香典を持参する際は、バッグやポケットにそのまま入れるのではなく、必ず袱紗(ふくさ)に包みます。弔事用には紫、紺、深緑、グレーなどの寒色系(紫は慶弔両用)を使用し、包む順番は「右 → 下 → 上 → 左」の順で折り、左開きになるよう整えます。受付で渡す際は、袱紗から取り出し、相手から見て表書きの文字が読める正面の向きに回転させて両手で手渡しましょう。
【御霊前のお金の入れ方】に関するよくある質問(FAQ)
Q1:中袋が付いていないタイプの不祝儀袋の場合、お札はどのように入れればよいですか?
A1:外袋に直接お札を入れる場合も、向きのルールは同じです。外袋の正面に対してお札の肖像画が裏側になり、かつ肖像画が袋の底(下)に位置するように収めてください。また、外袋の裏面に直接、金額や住所・氏名を記載します。
Q2:香典袋の水引(みずひき)はどのようなものを選べばよいですか?
A2:一度きりであってほしいという意味を込めた「結び切り」または「あわじ結び」の水引を選びます。色は黒白または双銀(そうぎん)が一般的です。包む金額が1万円以下の場合は印刷された水引の袋を、3万円〜5万円以上の場合は本物の水引が掛けられた高級感のある袋を選び、金額と袋の格を合わせることが大切です。

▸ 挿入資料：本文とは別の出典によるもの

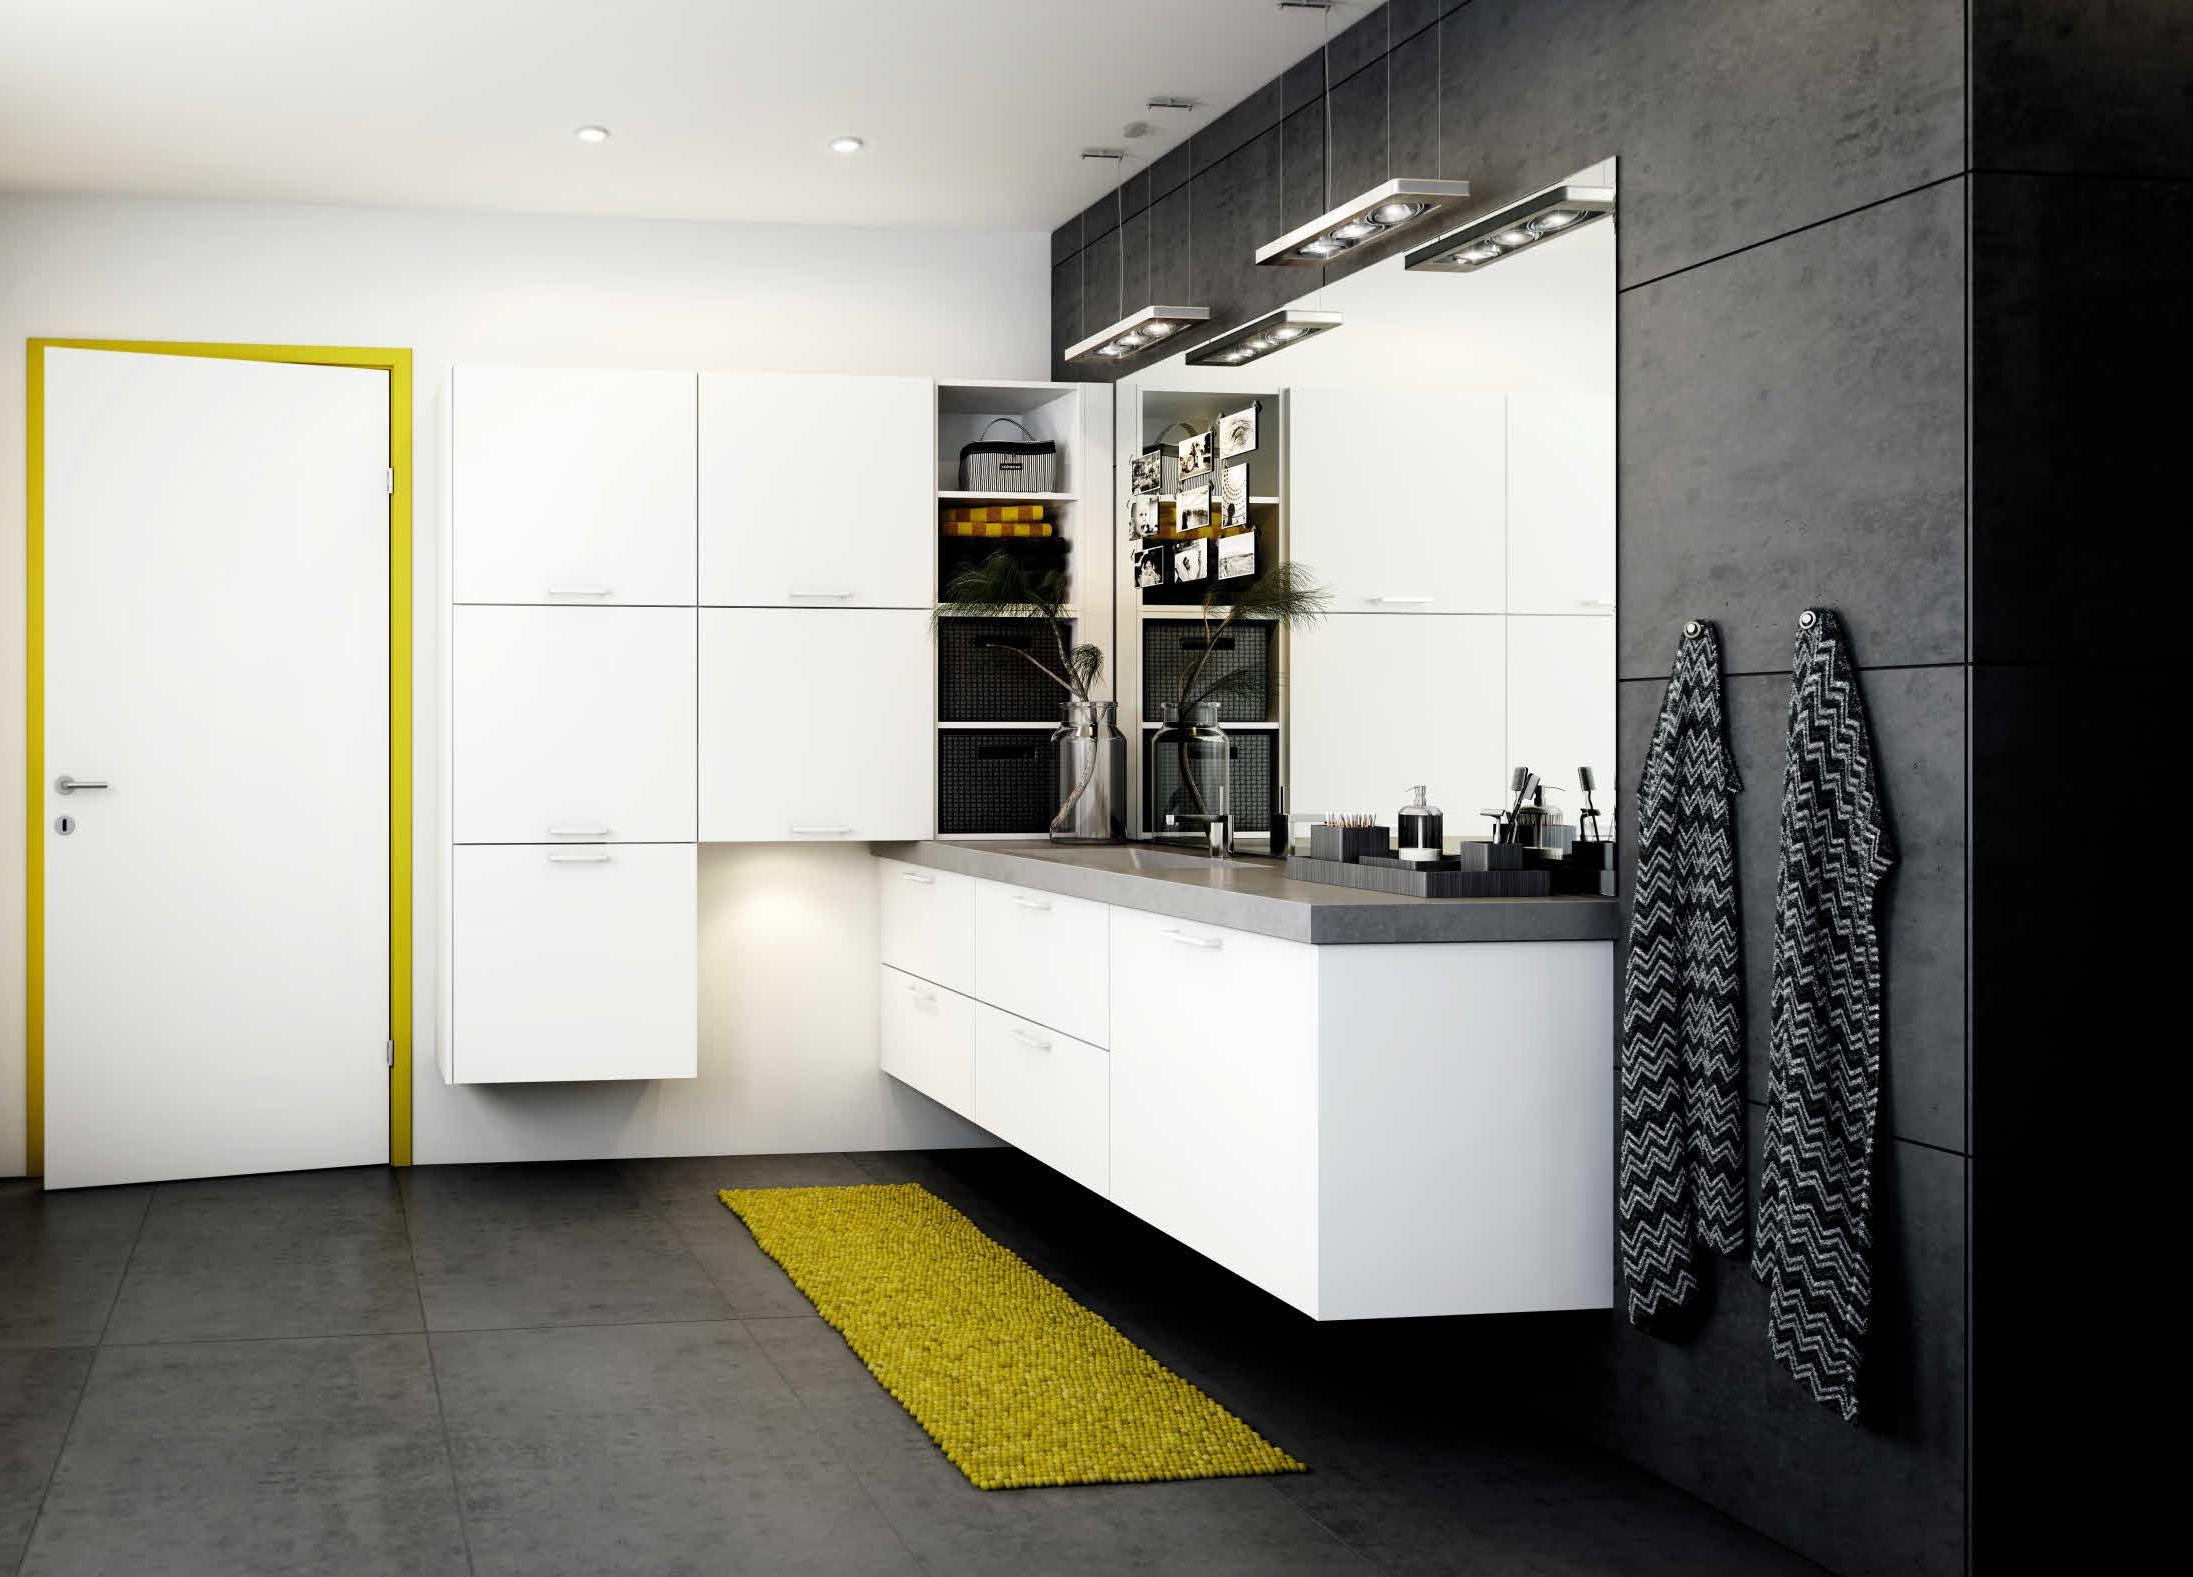 ollen Sie ein Industrial-Stil beim Einrichten von Ihrem Bad verfolgen, kombinieren Sie Beton, Leder und Edelstein
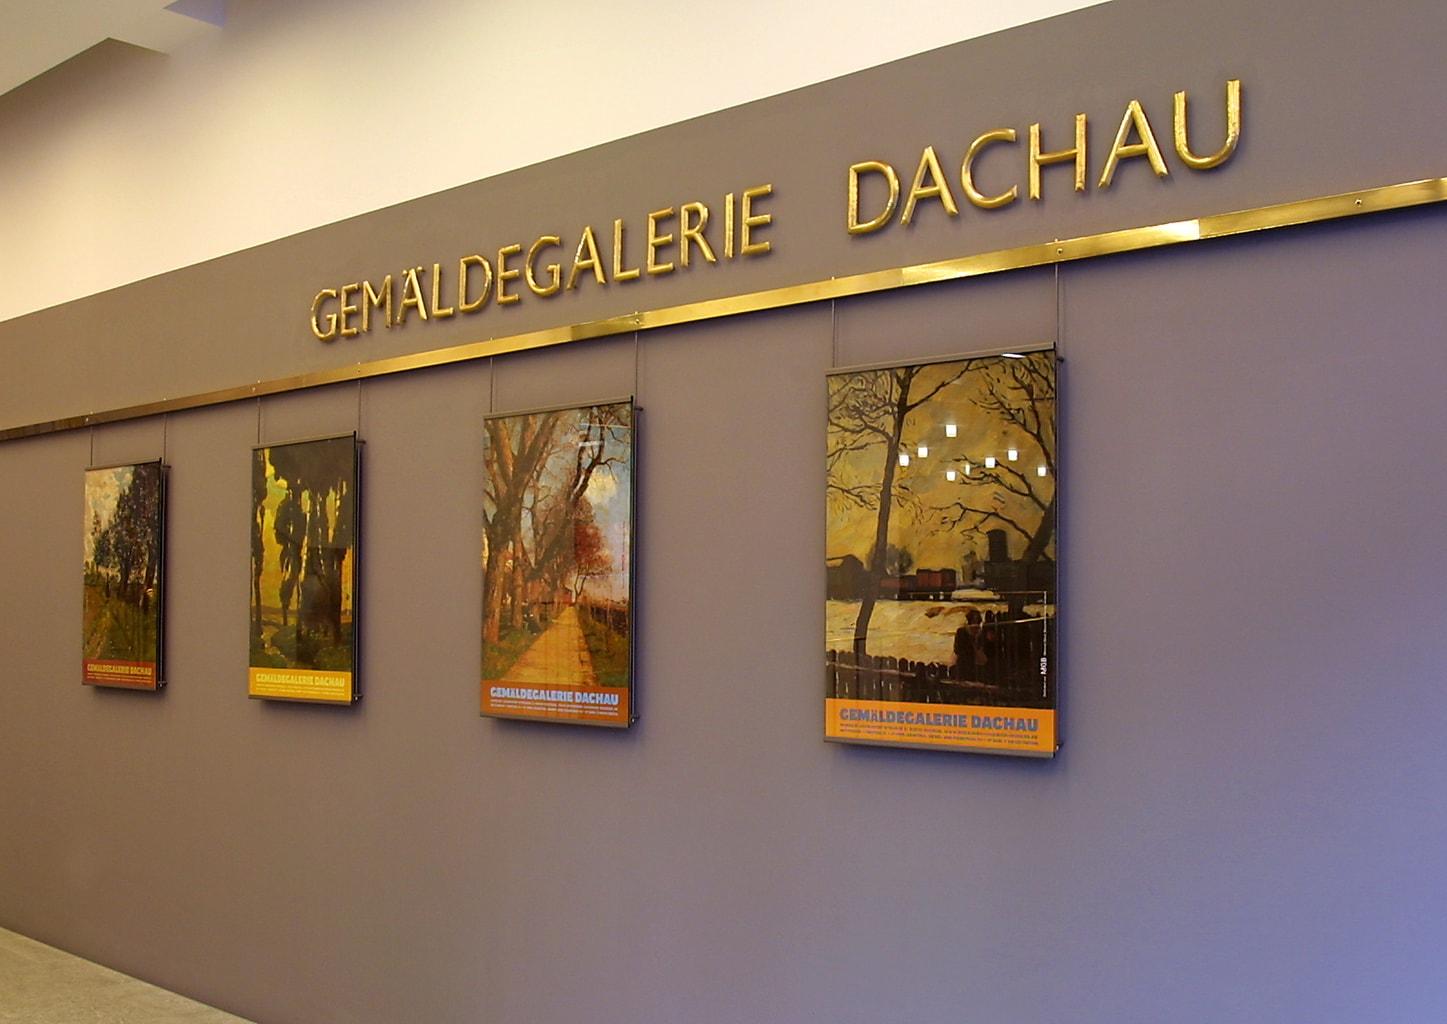 Affiches in Gemädegelarie behoort ook tot het dubbele verleden vanDachau

Q3:薄墨の筆ペンが手元にない場合、黒のサインペンやボールペンで代用しても問題ありませんか?
A3:表書きはできる限り薄墨の筆ペンを使用するのが望ましいですが、急ぎで入手できない場合は通常の黒色筆ペンやサインペンでもやむを得ません。ただし、ボールペンや鉛筆は事務的な印象を与えるため、表書きへの使用は避けてください。中袋の住所・氏名・金額欄に限っては、郵便番号や番地を正確に読ませる実務上の配慮から、黒のボールペンや万年筆で丁寧に書いてもマナー違反とはみなされません。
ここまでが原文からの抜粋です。